Up and over Classon’s Bridge, you are south of the river and on my road, Patrick Doyle Road. It is named after the executed IRA volunteer Patrick Doyle. One of The Forgotten Ten, Doyle was one of six men hanged in Mountjoy Prison in March 1921, aged 29. Buried in unmarked graves, a long campaign by their families resulted in their exhumation and all Ten were afforded state funerals in 2000.
Many of the 1940s Council houses in this parkland estate have privatised, and indeed have been home to many eminent Sportsworld elite, including Paul O’Connell, Shona Keane and most recently, Maura Ginty. Ann Marie Clyne, and Red Hurley are also neighbours.
Now to the best view of Milltown’s most iconic picturescape, the Nine Arches Viaduct Bridge (Bridge #3). It was completed in 1854 for the Harcourt Street railway line which ran from Dublin to Bray. The line closed in 1958 and the bridge was derelict for 40 years until it reopened for the Luas in 2004. If you stop you can easily see holes drilled into the base of its pillars, to facilitate its demolition in the case of a British or German invasion during the Second World War. Thankfully, it remained intact.
Also intact, Shanagarry Chimney Tower. Another landmark Milltown image, the red-brick industrial chimney rises to 94 feet, and was once part of (and is now all that is left of) the Dublin Laundry.
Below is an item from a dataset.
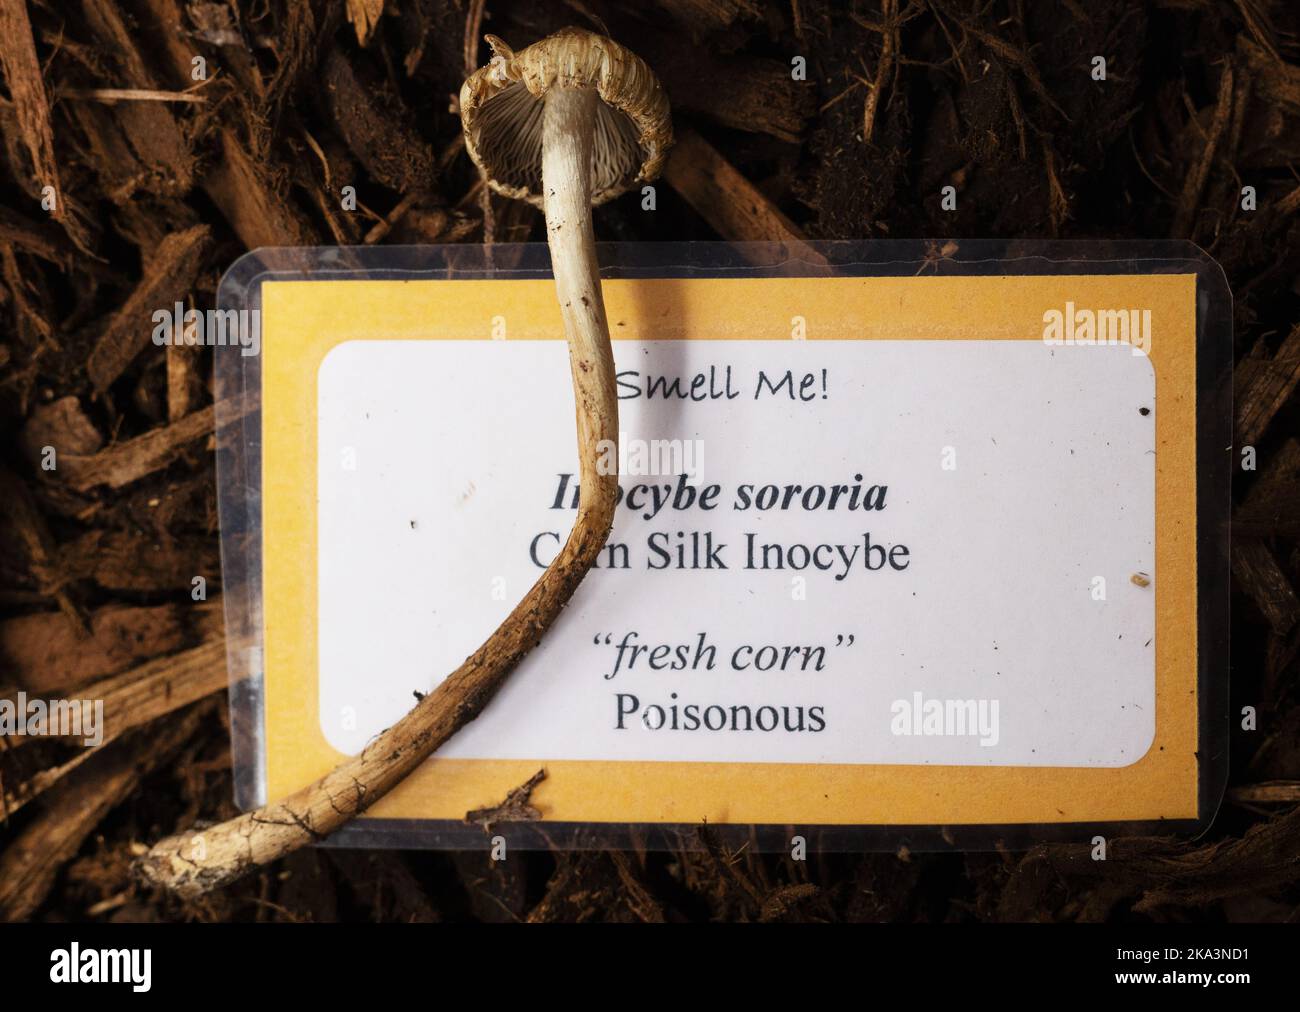 Inocybe sororia mushroom. Stock Photo

In 2018 it was on the market for €35,000. At auction, it sold for €136,000 given its commercial value as a communications mast which exists inside the tower.
Along this part of the river, you can also see the meeting point of the River Slang (which runs out into Dundrum) with the Dodder.
Probably the most historically significant structure, is the narrow, coble stone Packhorse Bridge (Bridge #4). Built during the 1600’s, apparently it’s Dublin’s 2nd oldest working bridge. This bridge, with alcoves for walkers to avoid carriages, once carried the main Dublin to Wicklow road, replacing a dangerous ford located nearer to Milltown Chapel. It goes that indeed Oliver Cromwell visited the village and crossed the Dodder via the Packhorse Bridge!
I conclude my curation beneath Milltown Bridge (Bridge #5). The large stone bridge serves as one of the main arteries into south Dublin. Like all of them, the pedestrian underpass reeks, but there is some cool graffiti street-art on the walls. On the south side of the bridge is the Ahlul Bayt Islamic Centre, the main Shia Islamic centre in Ireland.
For this one-kilometre stretch of the Dodder, with its weirs and bridges and footpaths, Milltown packs a lot of historical punch! I feel blessed to have these lovely parks to run, and more recently, to hang out in with lovely new friends and neighbours. Hopefully, I’ll see you running through the ‘hood soon.